One clever wrinkle is to just swap a blunt into your fantasy and you'll instantly make it both more realistic and more alluring. I want one of those two-page magazine spreads with me puffing on a blunt and exhaling a gorgeous cloud of smoke, Rick Ross-style. That would be fucking awesome.


How cool would it be if the last 5 yards before the endzone was just one long strip of trampoline?


You know how some players will leap at the two-yard line and somersault into the end zone on a long score? This would make that somersault cooler. Also, three broken necks per game.


My roommate and I have endured a lengthy philosophical debate. He says if a man had a door slammed on his penis, he would be better off with the penis flaccid. I say it would be better for it to be hard, with the thinking that it will put up a little resistance that way. He says erect would be more sensitive and, therefore, painful. So what do you say? For the purpose of the argument, assume that the door is closing at no more than a moderate speed, and leave the balls out of it.


Erect. With an erection, your penis is larger, and therefore you're spreading the impact out over a greater area, thus reducing potential damage. Also, I want my penis to be awake for the impact. I don't want it to be caught napping. Best to know that it was ready to put up a real fight.

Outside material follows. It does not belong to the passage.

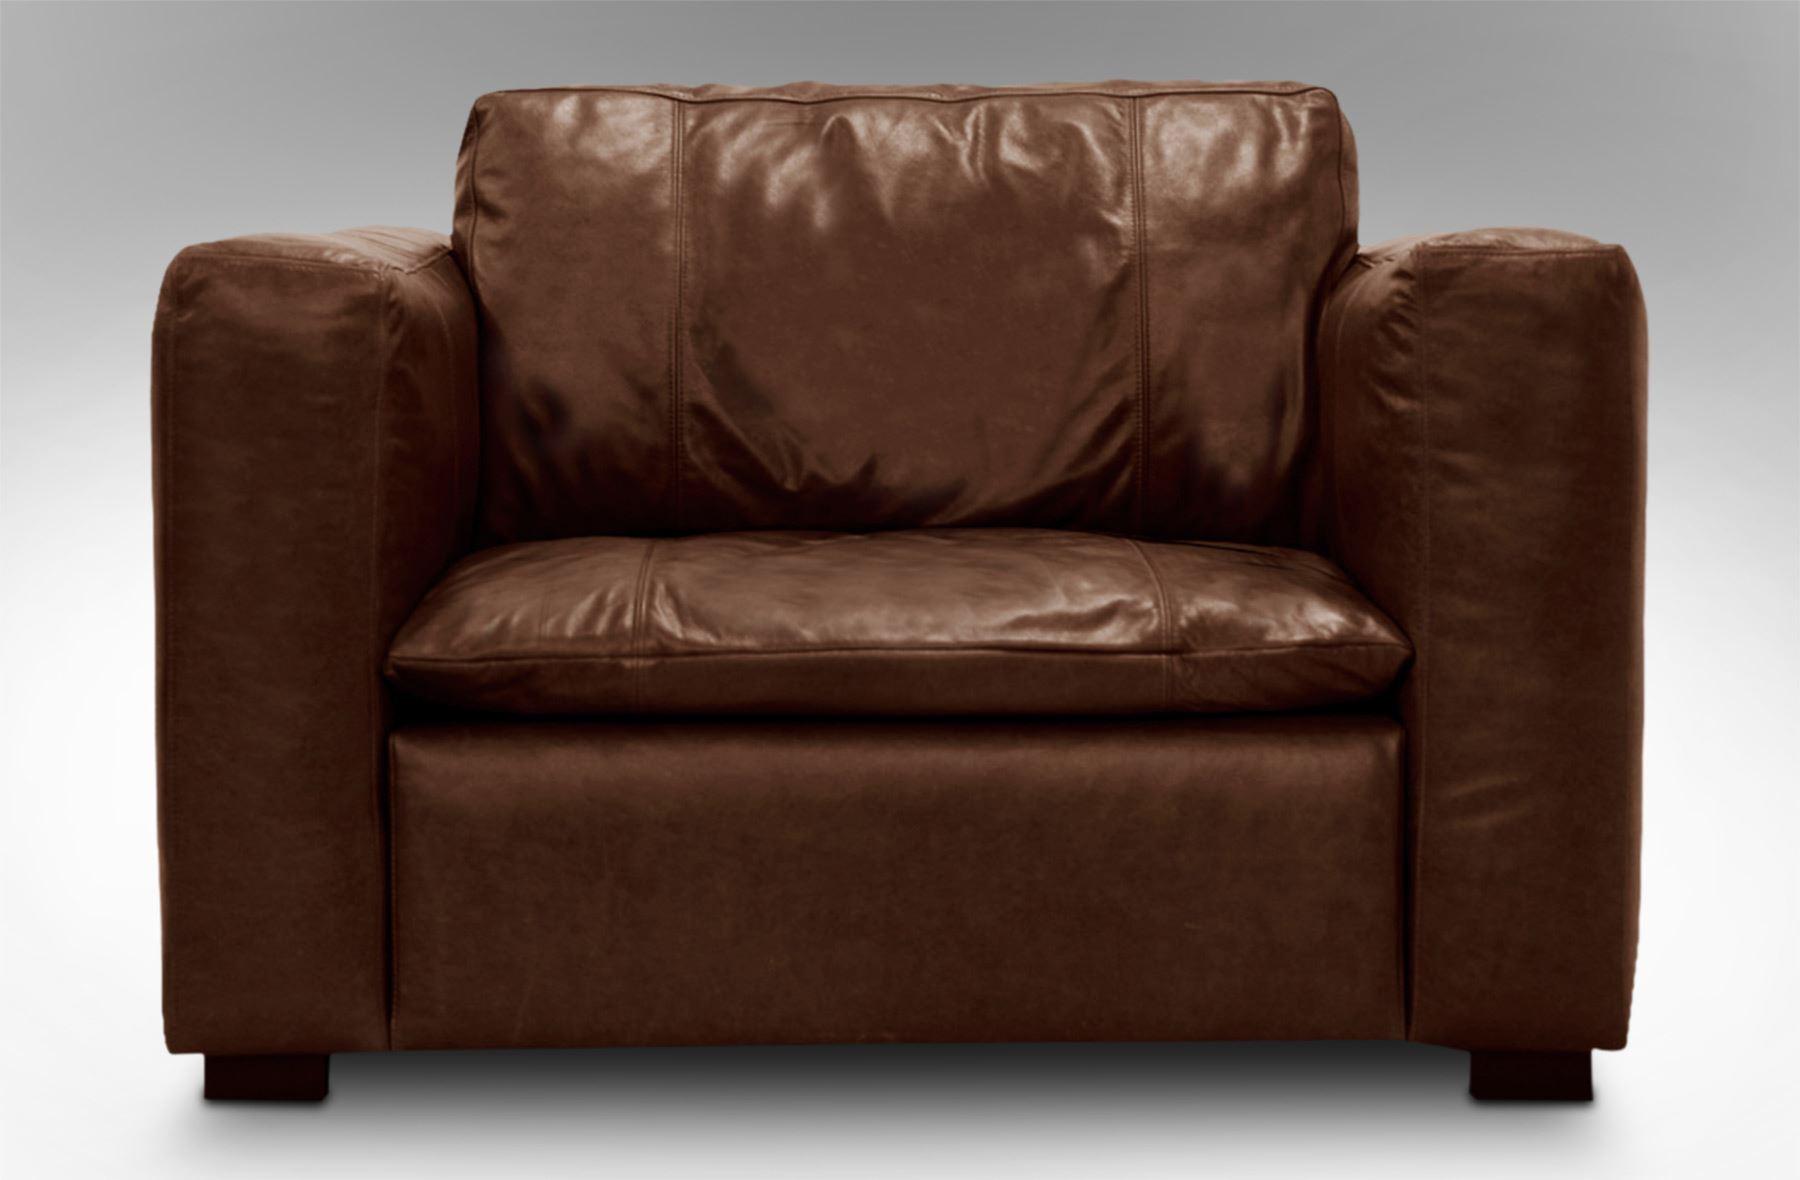 Rice Furniture Monash Single Leather Armchair Chestnut

I know that an erect penis is more sensitive, but it's not like a limp dick can't feel anything. Ever zip up a limp dick? It's PLENTY sensitive. You're at a greater risk of blood loss with an erect penis getting hit by a swinging door, but I'll take my chances.


What if your Vikings had actual viking-helmet horns on their helmets instead of just decals — advantage or a disadvantage overall? Assume the horns are treated like facemasks for the other team's penalties (15 yds for pulling on one), and treated like the crown of the helmet for Vikings penalties (can't violently spear with them, but ordinary contact with the horns is fine).


Advantage. More defenders would avoid contact with a horned runner coming at them. And if you get low, you could ram your horn up through the opponent's chin and impale him on your helmet, bullfighter-style. He's not going anywhere after that. But the Vikings would still go 7-9 because Ponder sucks.

I think pretty much every NFL team would have something of an advantage if they adopted the physical attributes of their mascot. The Eagles would dominate if they had big eagle wings. The Lions would dominate if they had razor-sharp claws. And the Packers would dominate if they ... were good at packing things.

Email of the week!


So, I fly a decent amount. I don't mind it, it doesn't particularly scare me (typically). That said, every time I'm in the middle of the plane and we're making our descent into wherever, I make sure I listen in for the landing gear's deployment. I swear, even when everything goes well (which is every time so far, at least for me), the landing gear sounds godawful. Every. Single. Time. It always sounds terrible, like some plane mechanic just said, "Fuck it" about that maintenance check he was supposed to do last week and decided to go eat lunch instead. What the fuck was that noise? Did a wheel fall off? Then all I can think about is to wonder whether or not we're going to have to fly around for hours to get rid of our fuel and then land on the belly of the plane U.S. Airways style.

But really, the landing gear always really sounds like shit. As an aside, I also always make sure to look out the window, just in case I can catch a glimpse of a frozen stowaway who hid in the landing gear compartment and is falling from the sky Dave-Chappelle-in-Con-Air style.


I just worry about tripwires. Someone will tripwire this plane!